> _WHAT TO DO_
Transcribe the listing below in full, exactly, with no images.

> _INPUT DATA_
....
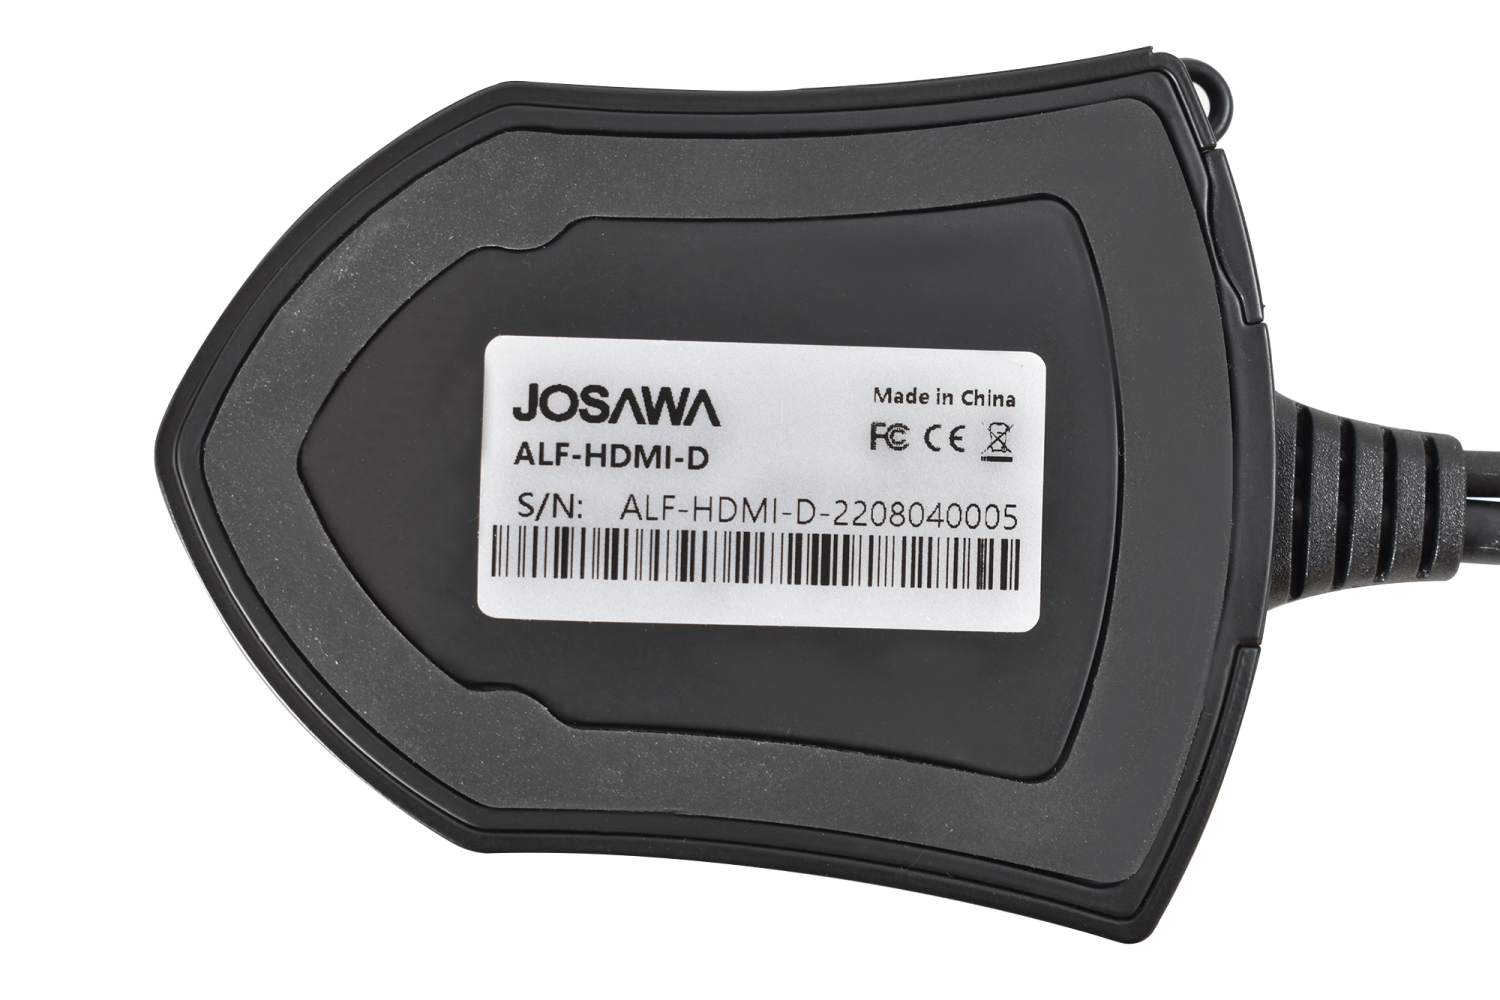 Josawa HDMI-D
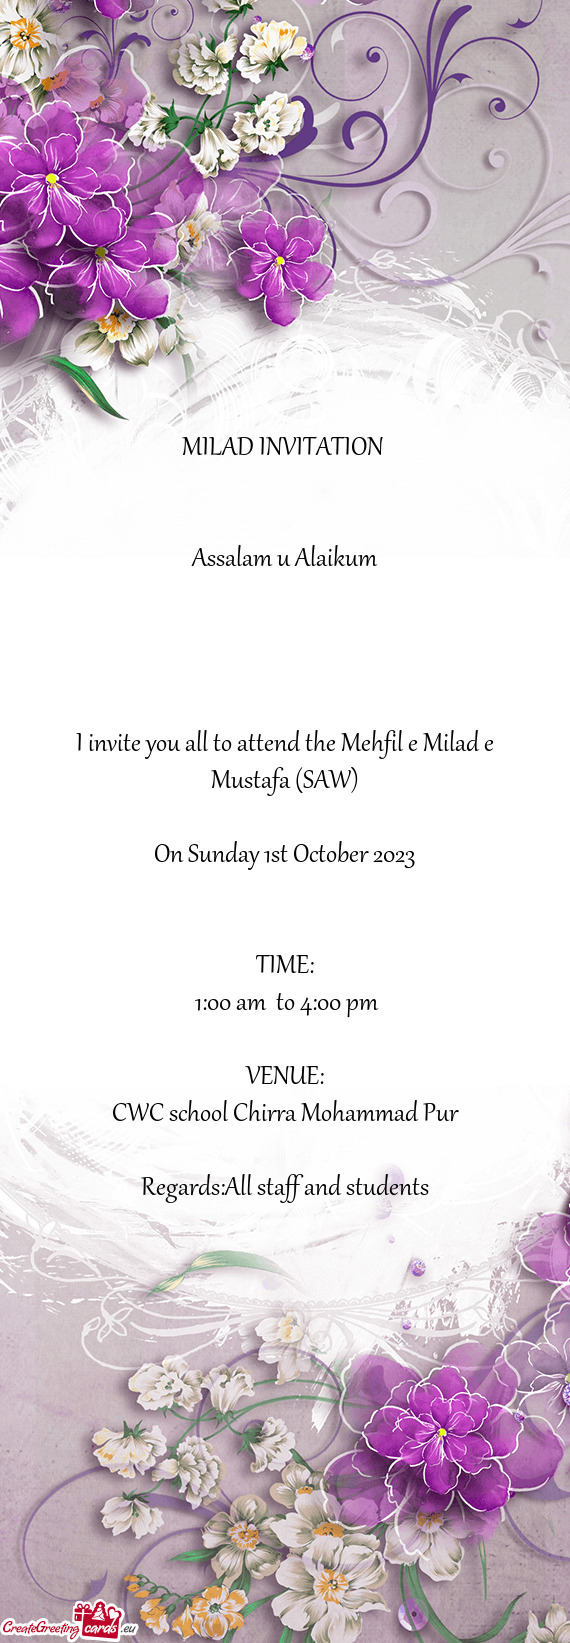 I invite you all to attend the Mehfil e Milad e Mustafa (SAW)
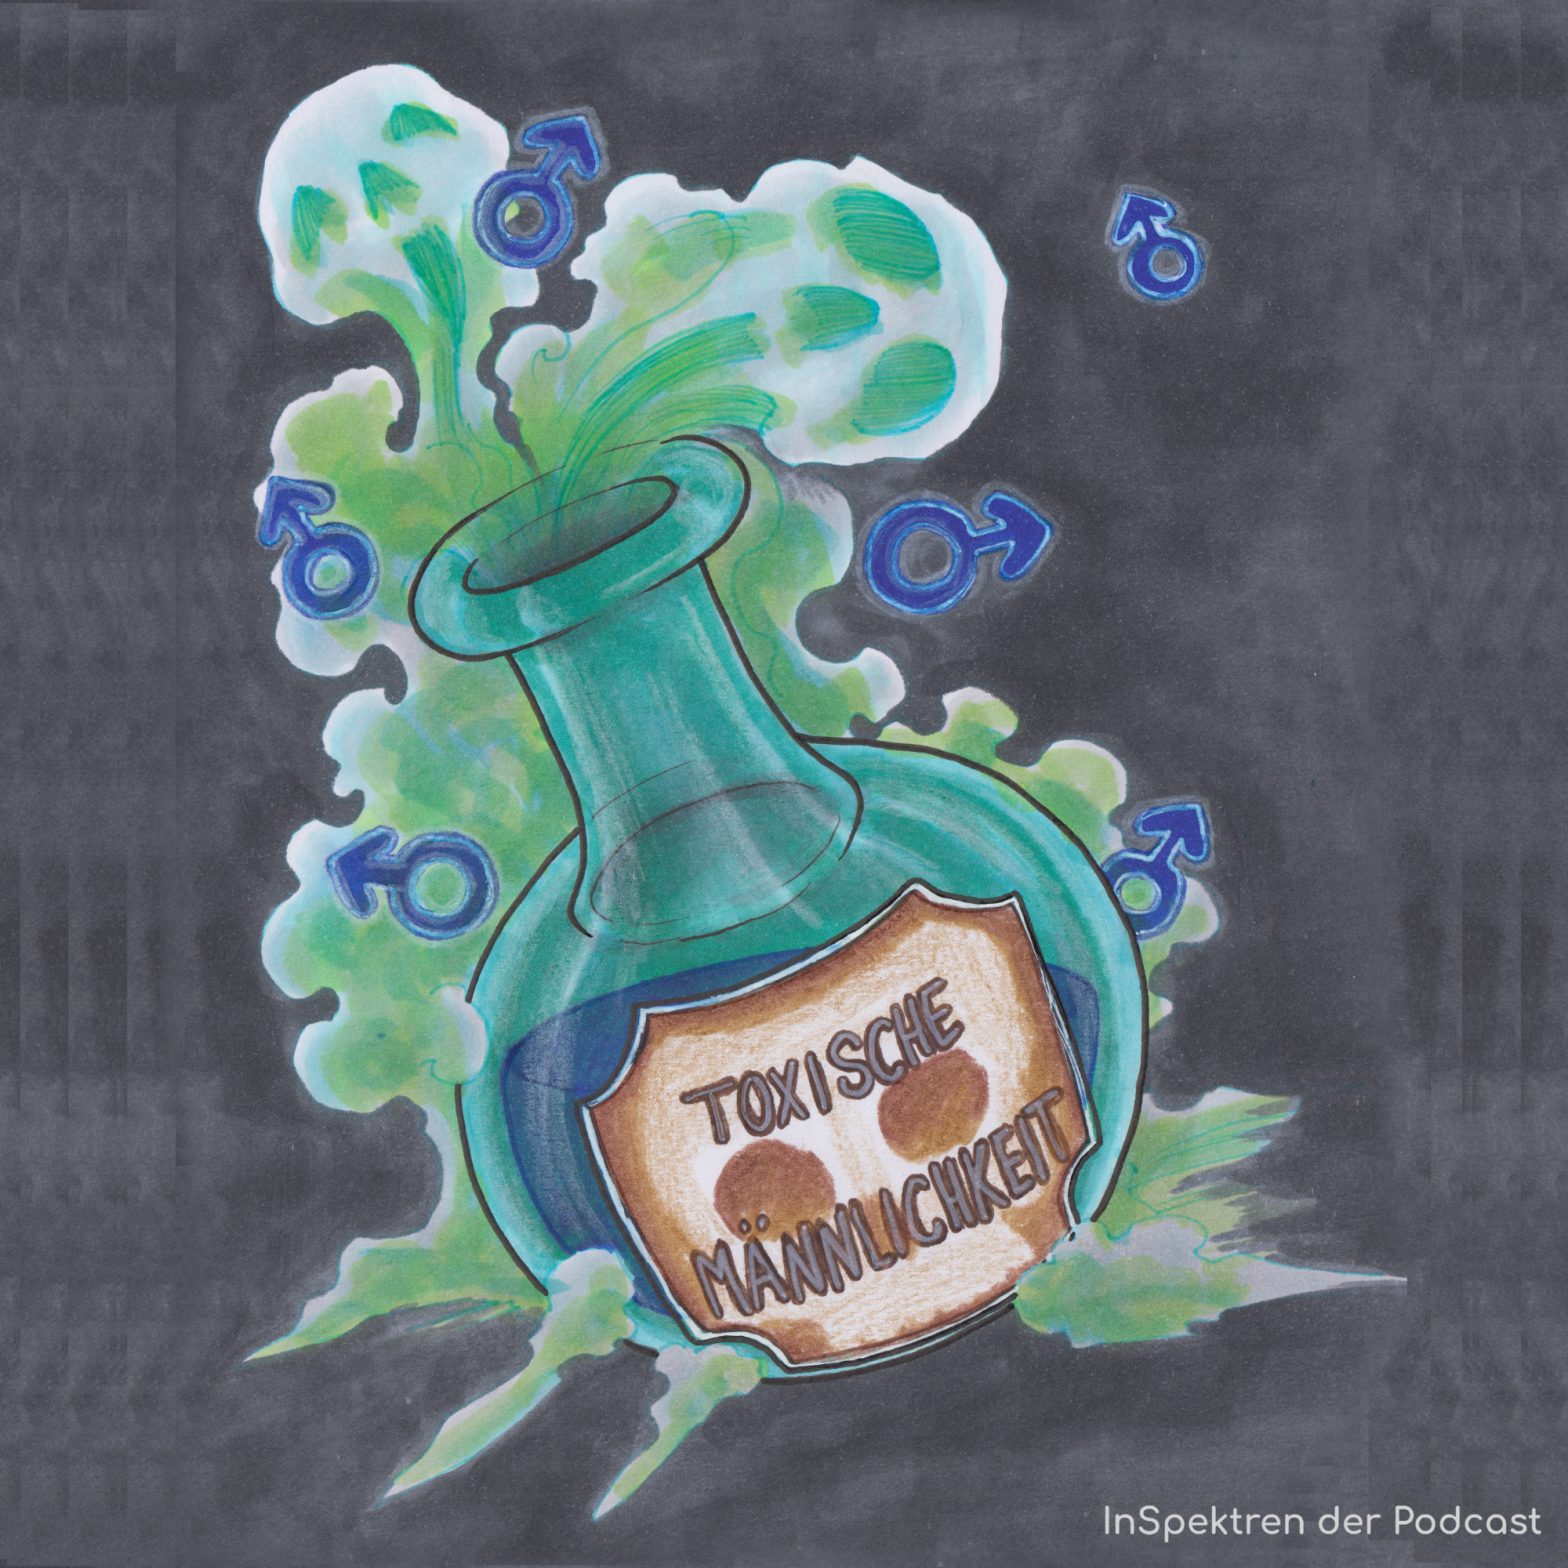 Das Bild zeigt eine bauchige Grünblaue Flasche vor grauem Hintergrund. Aus der Flasche strömt grüner Rauch, in dem einige blaue Marssymbole zu sehen sind. In der Flasche ist blaue Flüssigkeit zu sehen und auf ihr klebt ein braunes Etikett auf dem die schematische Form eines Totenkopfes zu sehen ist. Darauf steht: "Toxische Männlichkeit".
....
> _YOUR SOLUTION_
 Josawa HDMI-D
 I invite you all to attend the Mehfil e Milad e Mustafa (SAW)
 Das Bild zeigt eine bauchige Grünblaue Flasche vor grauem Hintergrund. Aus der Flasche strömt grüner Rauch, in dem einige blaue Marssymbole zu sehen sind. In der Flasche ist blaue Flüssigkeit zu sehen und auf ihr klebt ein braunes Etikett auf dem die schematische Form eines Totenkopfes zu sehen ist. Darauf steht: "Toxische Männlichkeit".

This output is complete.